The Icamina House in Kalibo, Aklan — the ancestral residence of former mayor Federico Icamina — has developed a reputation so supernatural that passing motorists have adopted a ritualized defense: honking their horns as they drive by the property, a noise-making tradition meant to ward off the ghosts and the kapre that are said to inhabit the grounds.
The kapre of Icamina House is the most feared resident. In Filipino mythology, the kapre is a towering, dark-skinned giant who lives in large trees and smokes an enormous cigar whose glowing tip is visible from great distances. The kapre is territorial, mischievous, and capable of driving humans to disorientation and madness if provoked. At the Icamina House, the kapre is said to inhabit one of the large trees on the property, and its presence is announced by the smell of tobacco smoke drifting across the road when no visible smoker is nearby.
The ghosts of the house itself are more conventional — figures seen in windows, sounds of activity from within the building during hours when no one should be present, and the general atmospheric dread that Filipino communities associate with houses whose inhabitants have departed but whose spiritual residents have not. The Icamina family's prominence in Kalibo politics adds a layer of community memory to the haunting: a powerful family's ancestral home, now marked by supernatural activity, becomes a physical reminder of the passage of power and the impermanence of human influence.
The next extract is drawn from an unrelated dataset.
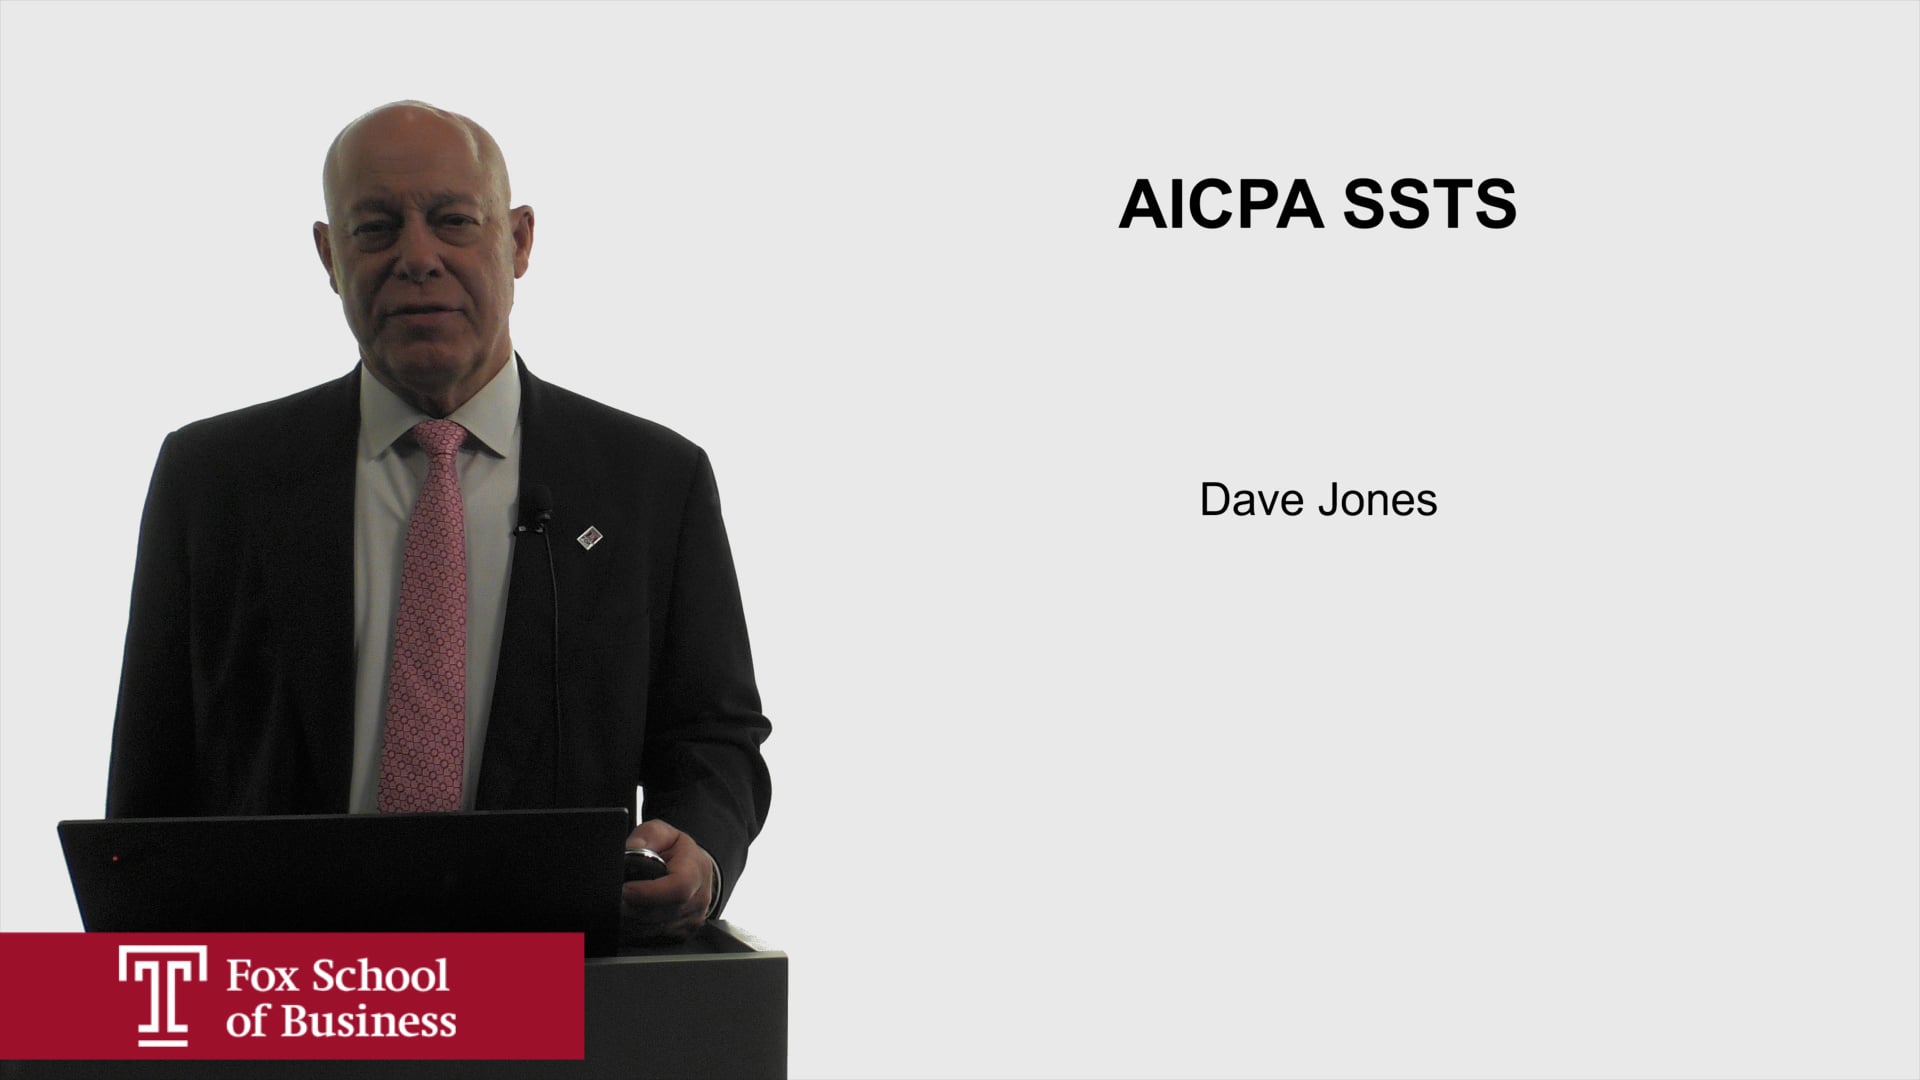 AICPA SSTS Summary

The honking ritual practiced by motorists passing the house is a Filipinized version of apotropaic behavior found across cultures — using noise to frighten away evil spirits. In the Visayan tradition, loud sounds are believed to startle supernatural entities and prevent them from attaching to passing travelers. The fact that the practice persists among Kalibo motorists speaks to the ongoing belief in the house's spiritual activity, regardless of the rationalizations that modernity might offer.